The CSS selector is consistent with the xpath() method except for the syntax of the selector part. All returned objects are SelectorList objects.
Like the Selector object, this object also has its own instance methods, such as xpath(), css(), getall(), get(), re()_ First (), and attrib attribute.
Another thing to note is that the get() method has an alias extract_first() is also often used by the driver.
When using the get() method, if the tag is not found, you can judge whether it is None (yes, return True), or provide a default value.
# Judge whether it is None response.xpath("//a[@class='blogs-title']/@title").get() is None # Provide a default value >>> response.xpath("//a[@class='blogs-title']/@title").get(default =' no data ') 'No data'
The above title attribute can also be obtained with the attrib attribute of the object instead of @ title. The following code will obtain all the attributes of the first matched element.
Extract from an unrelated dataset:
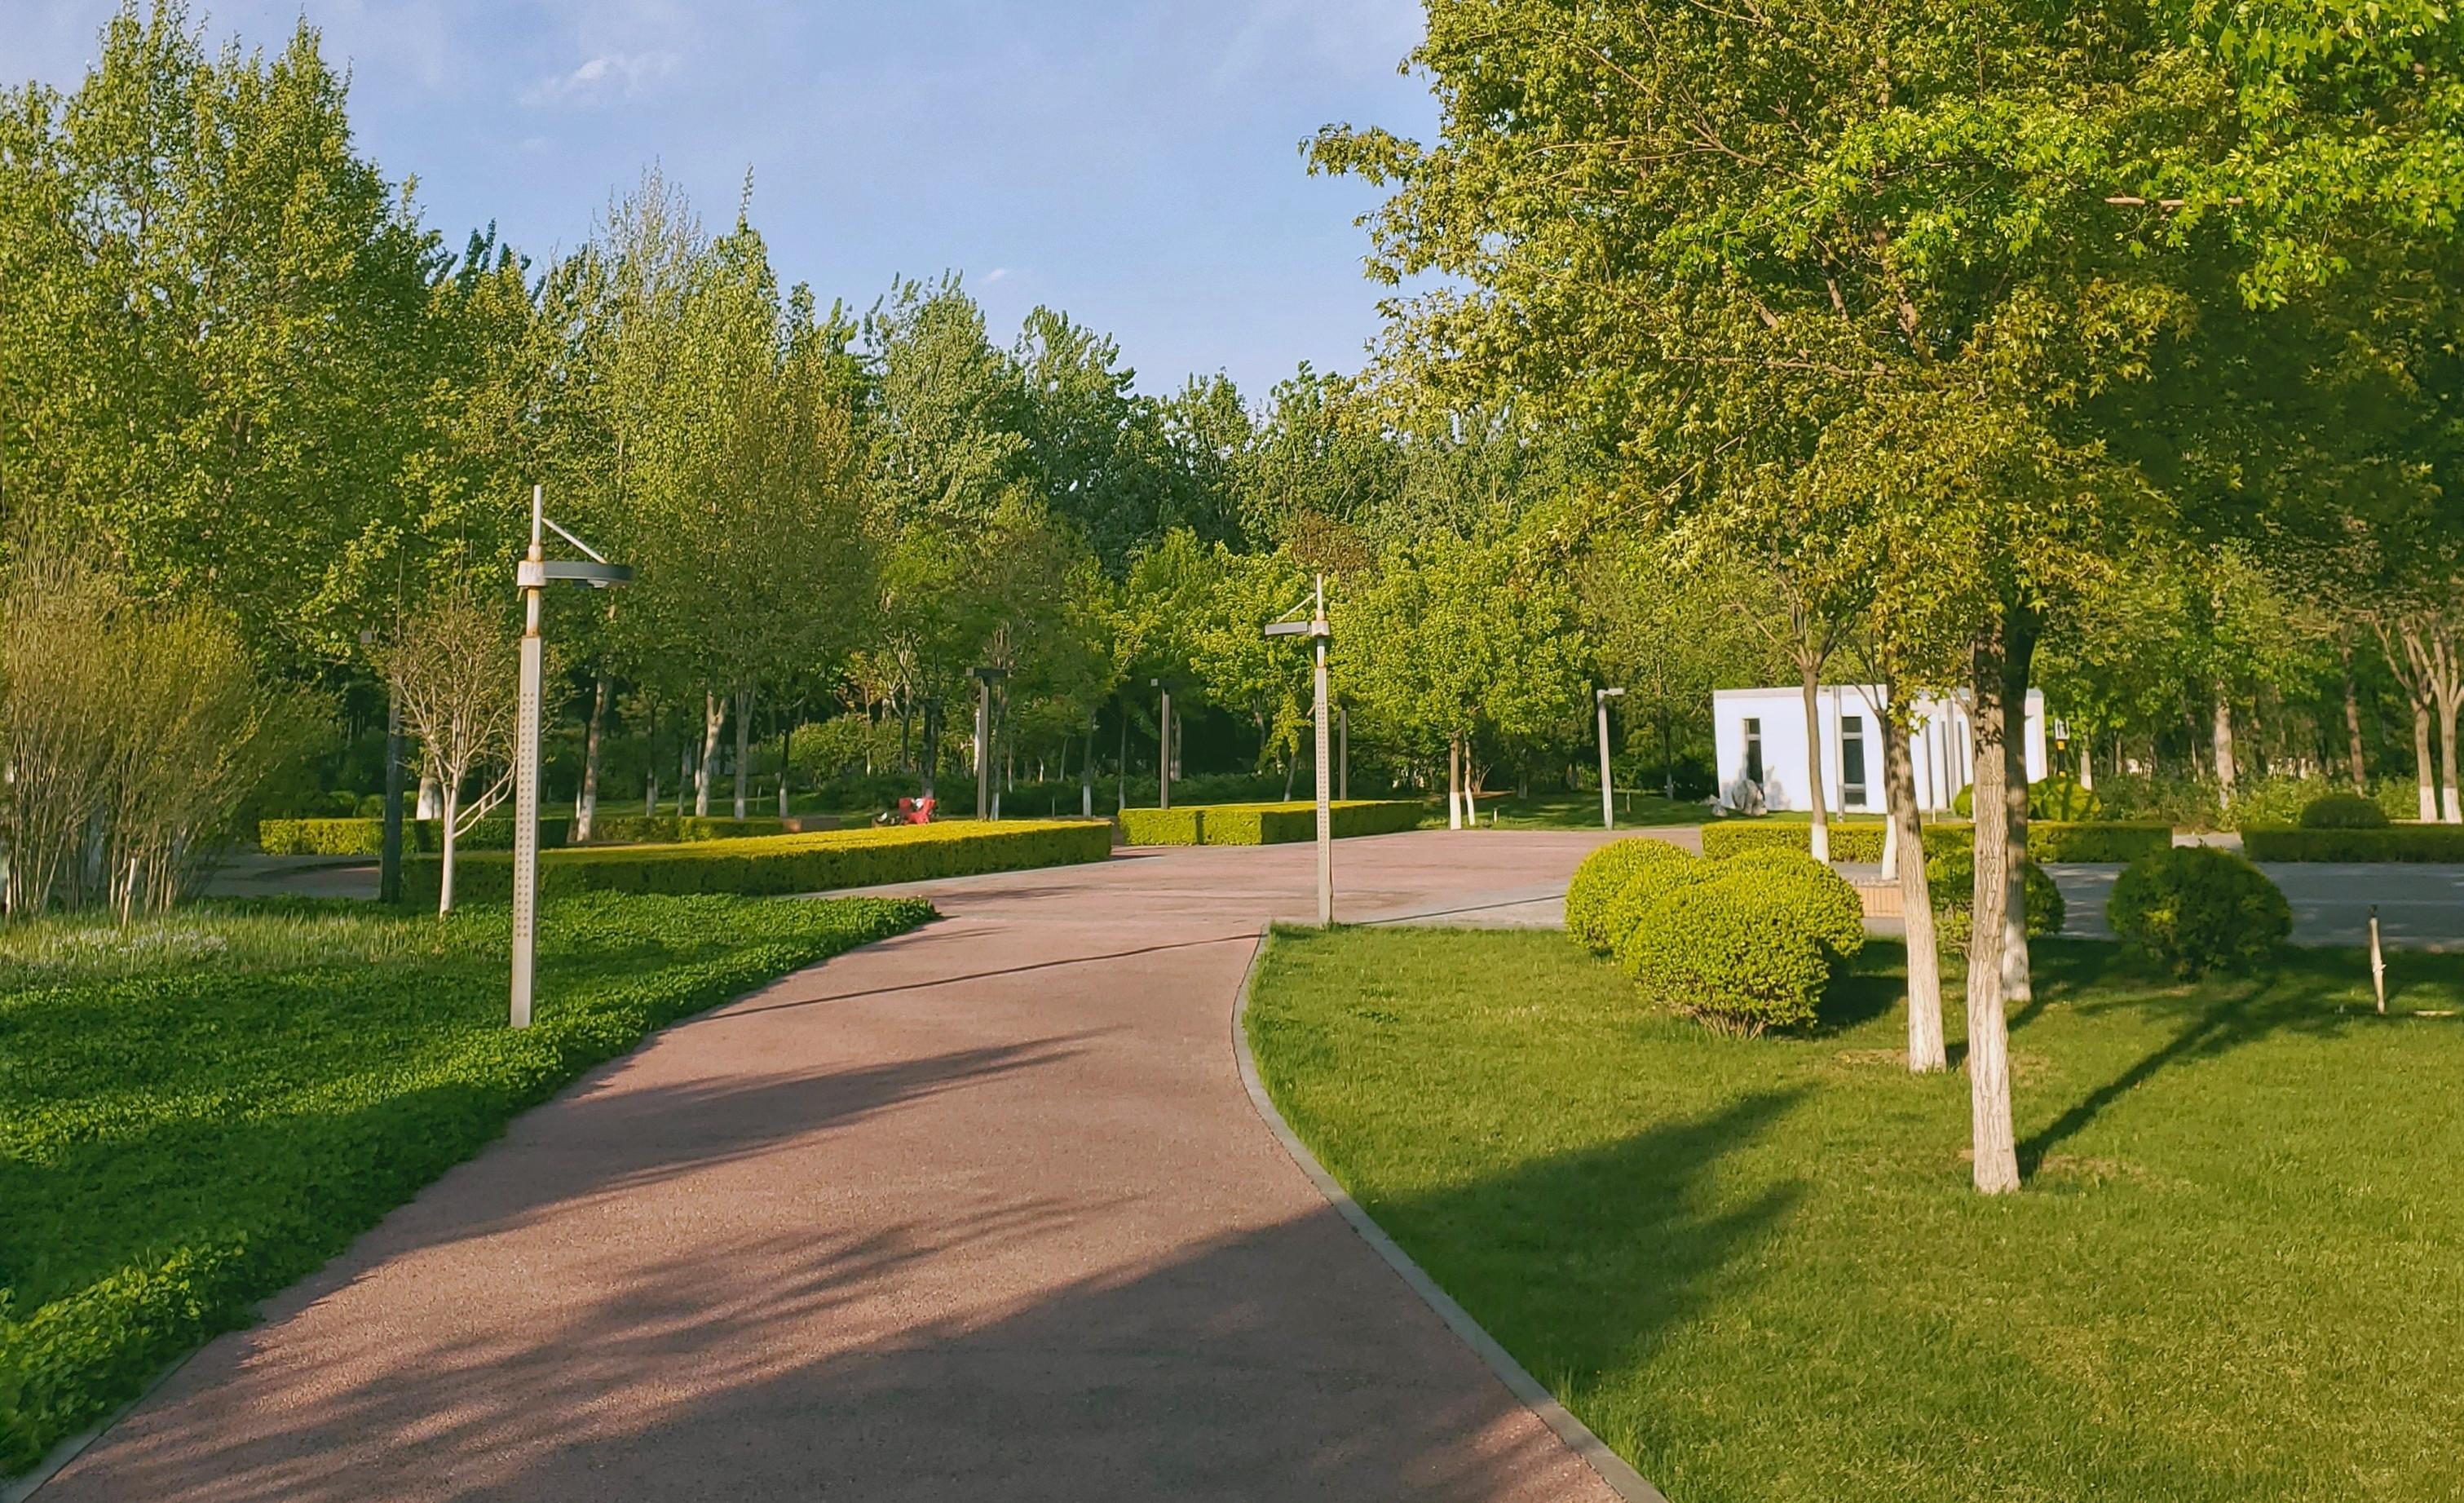 GalaxyS10+ 公园小景

>>> response.xpath("//a[@class='blogs-title two-line']").attrib
CSS selectors note the following
CSS selectors do not support selecting text nodes or attribute values, so the following extended writing methods are derived.
- Select the label text, using:: text;
- Select the attribute value using:: attr(attr_name).
The test code is as follows:
>>> response.css("a.two-line::text") >>> response.css("a.two-line::attr(title)")
In the above article, did you notice the re() method
Using the re() method, you can apply regularization to the extraction results, for example, match the data beginning with Hongmeng in all the extracted titles.
>>> response.xpath("//a[@class='blogs-title two-line']/@title").re(r' Hongmeng. * ') ['Hongmeng light core M Nuclear source code analysis series XVII (3) exception information ExcInfo']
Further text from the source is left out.